Toward post-quantum cryptography

Although the threat from quantum computing is still emerging, organizations handling sensitive data must begin planning long-term cryptography strategies. Classical cryptography could become obsolete against future quantum attacks, so implementing post-quantum mechanisms (or at least preparing the transition) is a forward-looking approach to protect the most critical assets.

How Cosmikal strengthens enterprise defense

Isolation and control philosophy

At Cosmikal, our architecture is designed to minimize exposure to the maximum: no critical asset is directly accessible. We use hardened remote desktops, VDI, and connection brokers acting as an intermediate layer between the user and sensitive resources. This ensures that, whether the user connects from an insecure network or a non-corporate device, all contact occurs within a controlled and isolated environment.

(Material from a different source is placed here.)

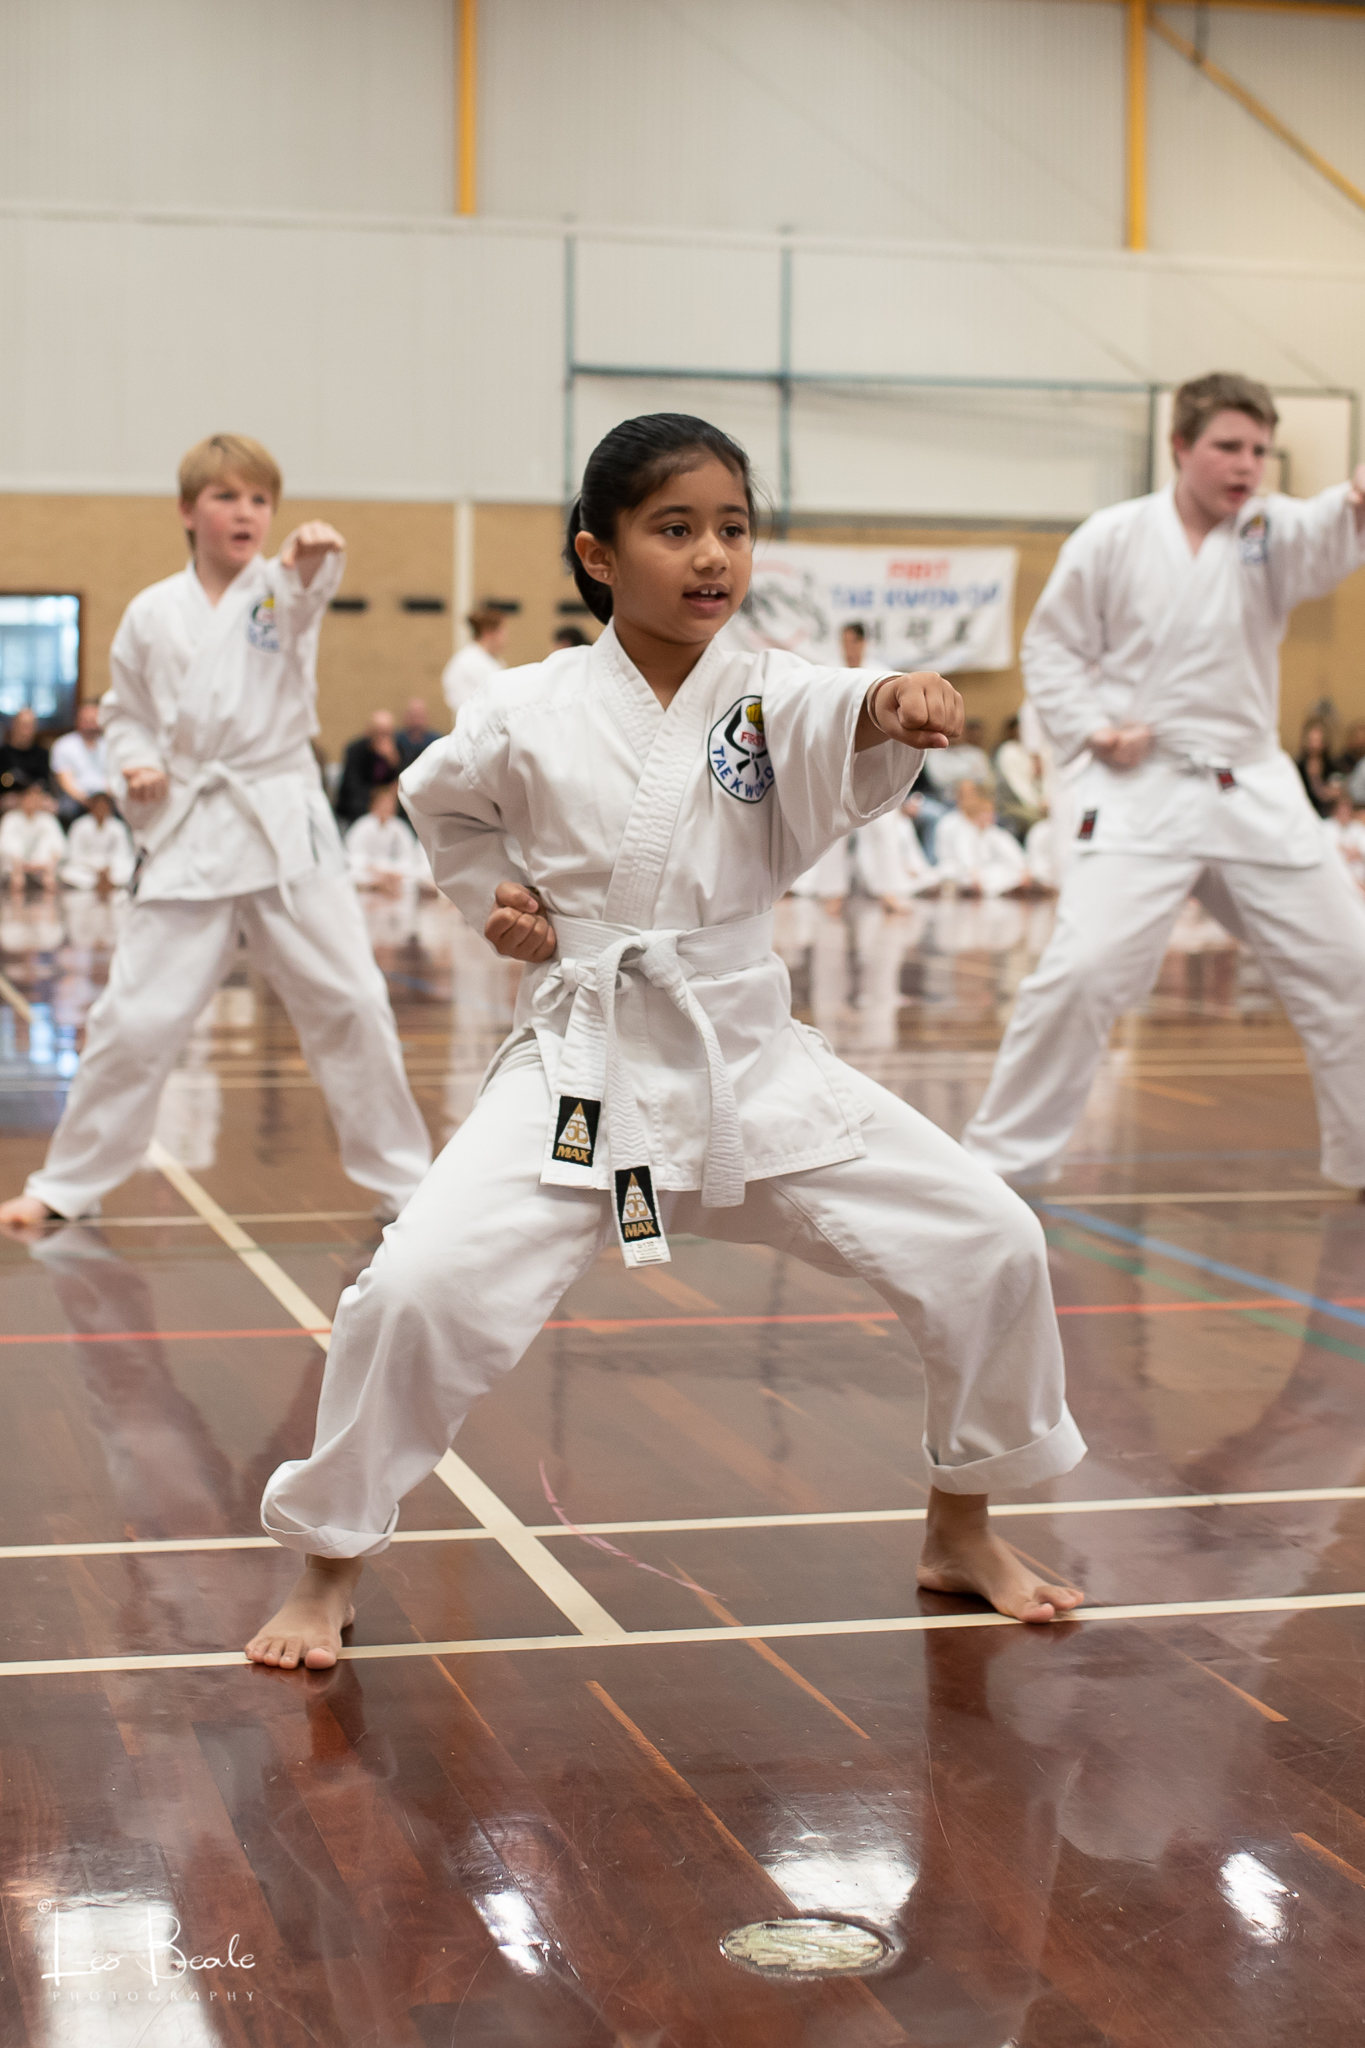 First Taekwondo Perth girl horse riding stance punch
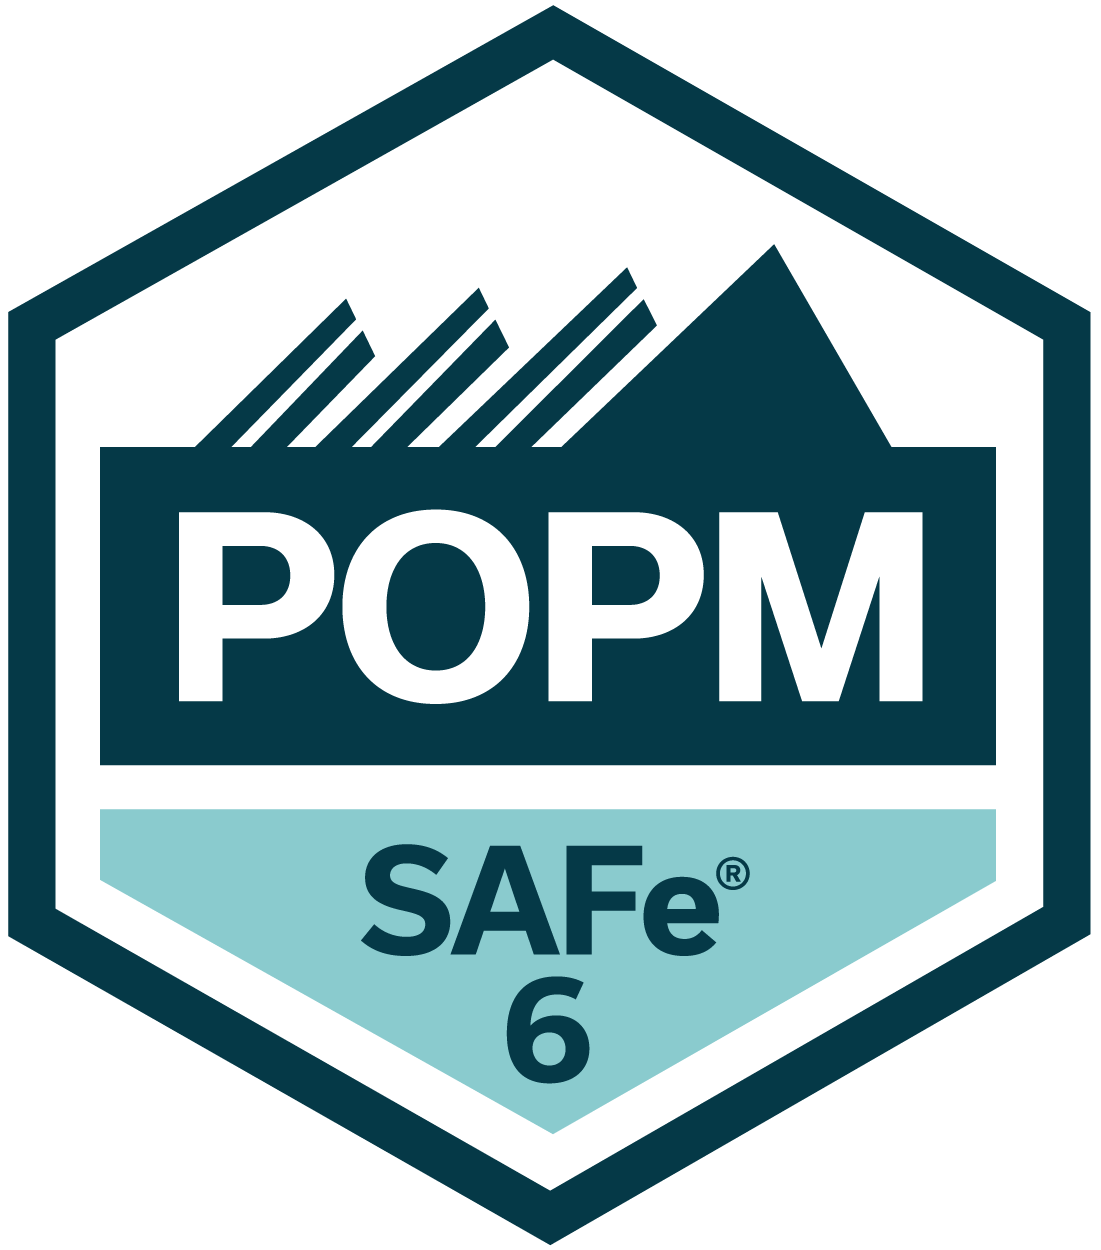 POPM SAFe 6

Privileged management and credential security

Privilege management is one of the most vulnerable areas in any company. With Endurance, access is centrally managed, privileges are minimized, and credentials are stored and injected from an encrypted vault under strict policies. Every privileged session is fully logged, generating immutable evidence auditable for compliance with regulations like NIS2, ISO 27001, or ENS.

Full visibility and real-time auditing

Every action within a session (“what the user does while working on a critical asset”) is monitored, recorded, and audited. This traceability is not only key for internal security but also turns the platform into a powerful tool for reporting and regulatory compliance.

Conclusion

By 2025, it has become clear that enterprise cybersecurity is not just a technical issue but a strategic imperative. Threats evolve with AI, attack surfaces grow, and traditional perimeter-based models are no longer effective. To protect effectively, organizations must rethink their architecture from the access layer: isolate, control, automate.

Cosmikal offers solutions that implement this vision in a coherent and advanced way: total asset isolation, privilege management, precise auditing, and automation. It is not just defensive: it is a resilience architecture designed for the present and prepared for the future.

With this approach, companies not only respond to threats but anticipate and neutralize risks before they materialize, building real and sustainable cyber resilience.